Das klingt nicht sehr gerecht.
Wir dürfen nicht vergessen: Viel Vermögen ist besser als wenig Vermögen,
wenn wir Probleme lösen wollen. Das ist die positive Seite. Wir reden in
Europa immer über unsere Schulden. Aber wir haben unterm Strich gar keine,
wir vererben unseren Kindern netto mehr Vermögen denn je. Wie gesagt: Das
einzige Problem ist, dass wir nicht wissen, wem was gehört, welche Firmen,
welche Immobilien. Schon wieder ein fruchtbarer Grund, auf dem sich
Populismus bilden kann.
Viele Reiche argumentieren gegen eine Vermögenssteuer nach dem Motto, sie
würde wenig bringen – und viel Verwaltung kosten.
Dabei wird aber vergessen, dass eine Vermögenssteuer wertvolle Daten über
die Besitzverteilung liefern würde. Und diese Daten sind wichtig für die
demokratische Debatte. Als 1902 die erste progressive Erbschaftssteuer in
Frankreich eingeführt wurde, war die bedeutendste Folge, dass man plötzlich
statistische Aussagen treffen konnte. Der Spitzensteuersatz betrug nur zwei
Prozent. Aber die Daten zeigten, dass wir überhaupt keine gleiche
Gesellschaft waren. Die Konzentration des Reichtums war exakt so hoch wie
in Großbritannien – trotz der französischen Revolution. Dieses neue Wissen
hat dann die politische Debatte erst möglich gemacht.
In Deutschland wurde schon eine Vermögenssteuer von Null Prozent
vorgeschlagen, nur um die Daten zu kriegen.

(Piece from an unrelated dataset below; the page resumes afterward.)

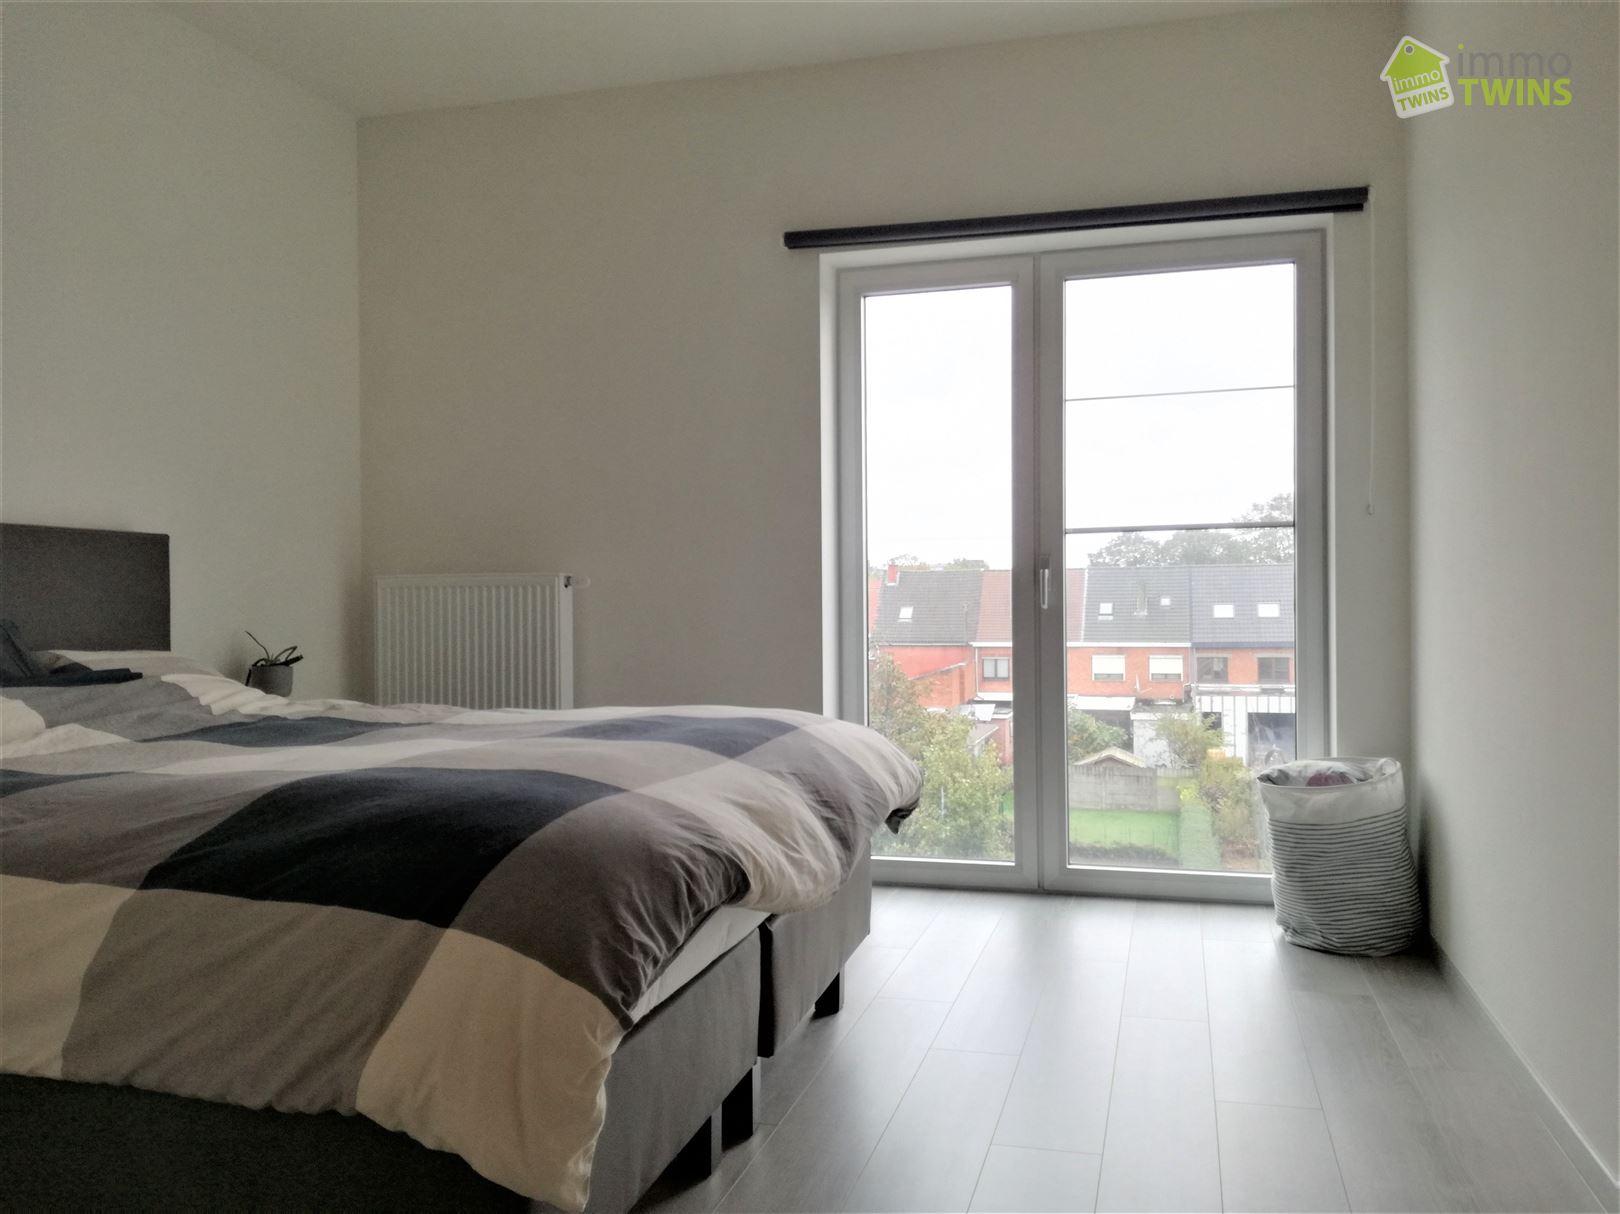 Foto 14 : Appartement te 9160 LOKEREN (België) - Prijs € 750

0,1 Prozent wären besser (lacht). Die G 20-Staaten sprechen gerade darüber,
grenzüberschreitenden Besitz zu registrieren. Dafür brauchen Sie meiner
Meinung nach eine Steuer – und eine Erfassung der Bankbewegungen zu
Steueroasen. Diese Daten wären auch bei einer Finanzkrise sehr nützlich.

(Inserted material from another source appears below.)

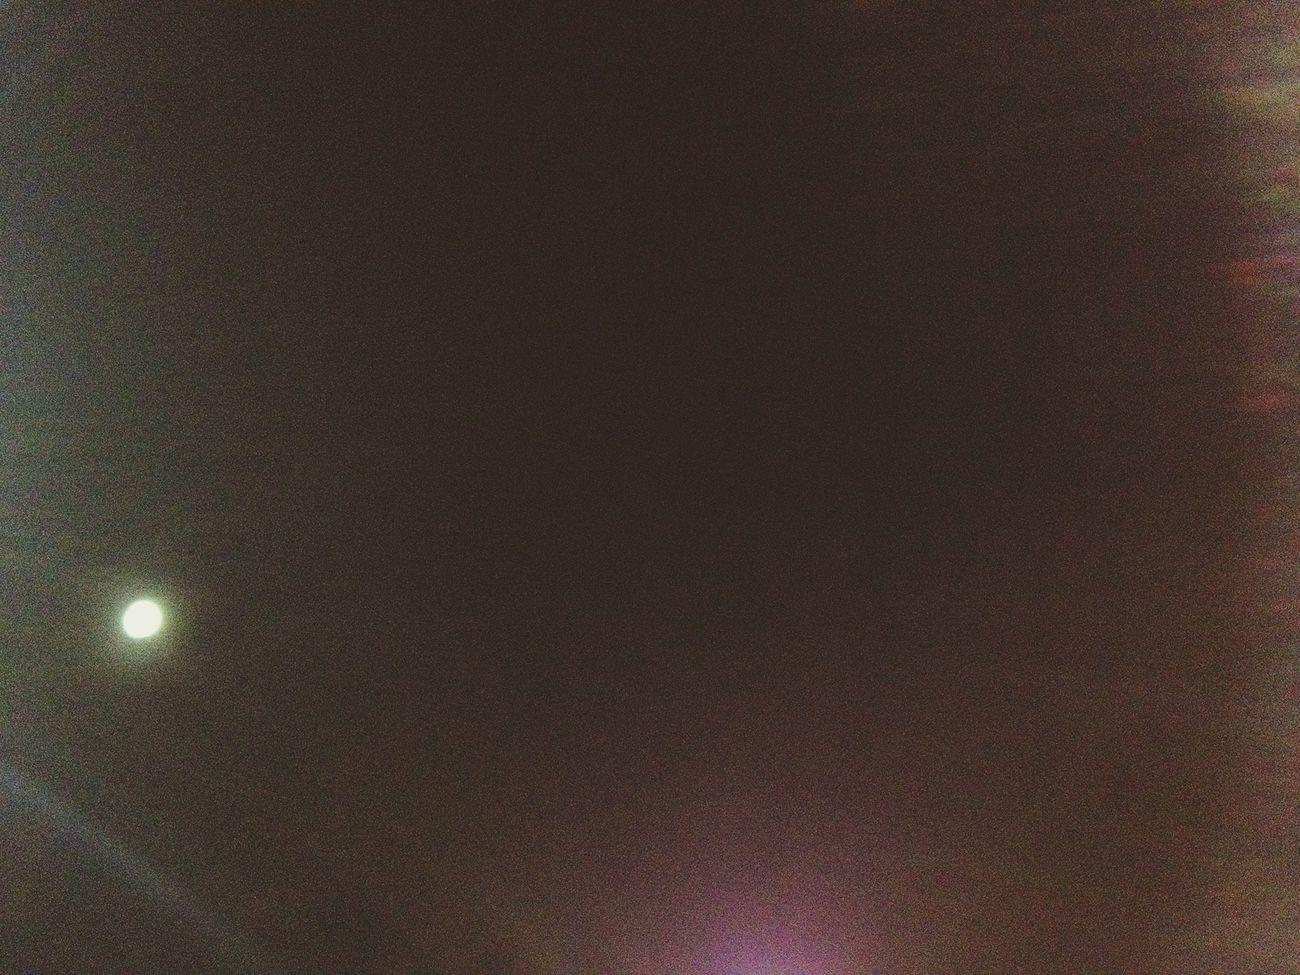 Moon The Night Sky

Denn wenn Sie marode Banken haben und Sie wissen nicht, wer die Gläubiger
sind, dann ist eine effiziente und akzeptable Verteilung der Lasten sehr
schwierig.
Womit wird sich Ihr nächstes Buch beschäftigen?
Wir arbeiten jetzt verstärkt an der Vermögensballung in Schwellenländern.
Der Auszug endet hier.